Our industry's knee-jerk reaction is
to frame things in terms of media value gained from the investment.
But this has been problematic. For example, views of the
sponsorship property - say, the ice at the Air Canada Centre -
would be reasonably straightforward to estimate using a media
equivalence approach: TV/online viewership numbers multiplied by
number of camera shots showing a brand's logo on the ice, plus
attendance figures by game would give a roughly accurate estimate
of impressions. However, disputes would inevitably arise regarding
the value or engagement of such impressions. After all, are we
watching the hockey game or the Home Hardware logo on the ice?
In any case, focusing on media value
is meaningless in the face of shareholder scrutiny. Marketing
(March 28, 2011) revealed that Air Canada's NHL sponsorship of $4-5
million returns around $20 million worth of business from the 11
hockey teams it services. That tells a great ROI story to
shareholders. But it tells us nothing of Air Canada's consumer
response - broader sales or brand response attributed to the
activity - or the impact of the investment it makes in activating
its NHL sponsorship - additional media support often several times
the cost of the sponsorship itself.
So when helping clients to determine
whether sports sponsorships actually work, MediaCom Business
Science focuses on business metrics - namely, sales and ROI. The
results may surprise you.
Take the case of a (now) well-known UK
energy provider. They began their sponsorship of the Football
Association (FA) Cup in England as a relative unknown in the
country, and with strong activation against a high reach achieved
brand awareness targets. Once these were met, the client wanted to
know what additional business value this investment delivered. The
FA Cup's popularity allowed it to charge a fortune for rights, and
our client needed to understand if it was worth it. Using sales as
the dependent variable, our team ran a multi-linear regression
analysis against the previous five years' marketing activity data,
including spend, to determine the impact of the sponsorship on
sales.
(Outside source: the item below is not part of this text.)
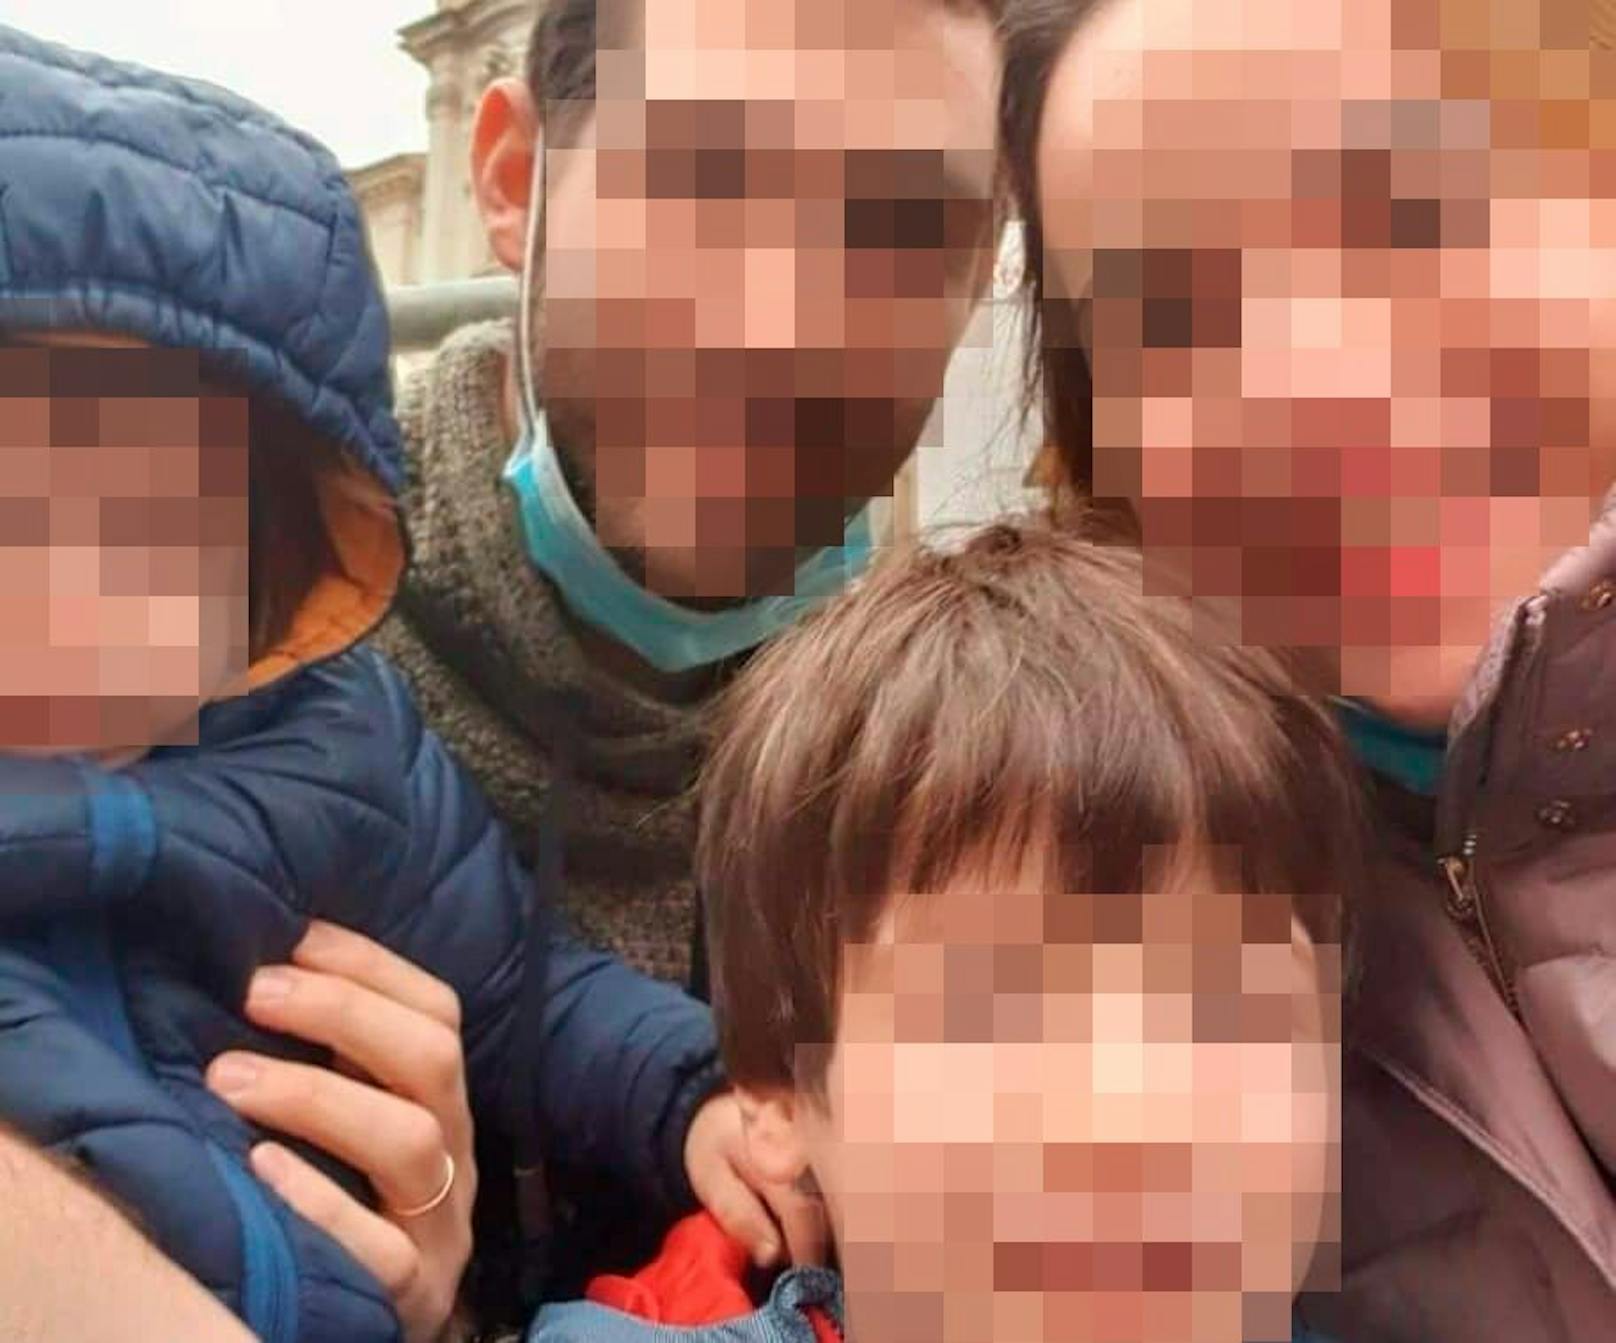 Eitans Familie wurde bei dem Seilbahn-Absturz ausgelöscht. Mama Tal, Papa Amit und sein kleiner Bruder Tom sind tot

The results were disappointing - with an effective ROI of
0.25X, it was one of the least efficient drivers of sales; so for
every £4 spent, our client received £1 in return. With far more
efficient drivers of sales, would we drop our association with the
popular English football tournament?
Just because a channel doesn't perform
on short-term sales, doesn't mean it's not valuable; business value
comes in many forms. For a utility provider, customer losses - or
rather, their prevention - are just as important as customer wins.
Using customer turnover ratio as the dependent variable, we
performed a similar analysis, and the results were astonishing. The
sponsorship was attributed with more customers saved than any other
marketing activity, retaining 22,000 in the first year analysed,
with an additional 27,000 in the second year. With each retained
customer valued at £150 that was more than enough evidence to
justify the investment.
The case of a US hotel chain client, a
long-time NASCAR sponsor, is more puzzling. From 2007-2009, their
return on both the sponsorship and its activation were impressive.
For 9-10% of marketing spend, the sponsorship returned 22-23% of
all marketing-driven bookings. For 1% of total marketing spend, the
print activation of the sponsorship returned 10-14% of all
marketing-driven bookings.
However, in 2010, overall marketing
spend declined almost 40% from 2009, and despite a greater share of
the budget than ever before, the sponsorship's impact was deemed
statistically insignificant. The activation - still at 1% of total
marketing expenditure - returned a paltry 0.54% of all bookings.
One possible explanation for such a stark change is that the
brand's advertising had slipped below a broader breakthrough
threshold in the marketplace, leaving even the sponsorship
impotent.
Fully supporting your brand and
activating a sports sponsorship meaningfully, however, is no
guarantee that it will succeed. After years of supporting rugby-
hugely popular in the UK - and enjoying profitable returns on this
investment, a banking client with one of the bigger marketing
budgets in the country was startled recently at its sudden negative
returns. A deeper look at the data revealed that consistently
detrimental press surrounding bankers' bonuses in London negatively
impacted the benefits of sports sponsorships. Where association
with rugby had once bolstered the brand, it now seemed to merely
serve as a reminder of public anger at those deemed responsible for
financial meltdown and economic hard times.
What can advertisers learn from these
cases?
The three broad lessons from these
cases shouldn't be news to any of us: take a holistic view of
business value; invest to breakthrough (or risk wasting investments
altogether); and be conscious of broader social developments beyond
your control that could work against your brand activity.
But the only way to find out if sports
sponsorship really works for your brand is to prove it. Growing
sophistication in measurement and analytics techniques mean it's
possible to evaluate the business impact of this investment with
hard evidence and analysis, not hunch and anecdote. Your
shareholders will appreciate the rigor.
Kevin Keane is Director of
Business Science at MediaCom Canada. He can be found in the
Twitterverse @unhabit.
Read more about MediaCom Business Science or about our sponsorship
consultancy MediaCom ESP.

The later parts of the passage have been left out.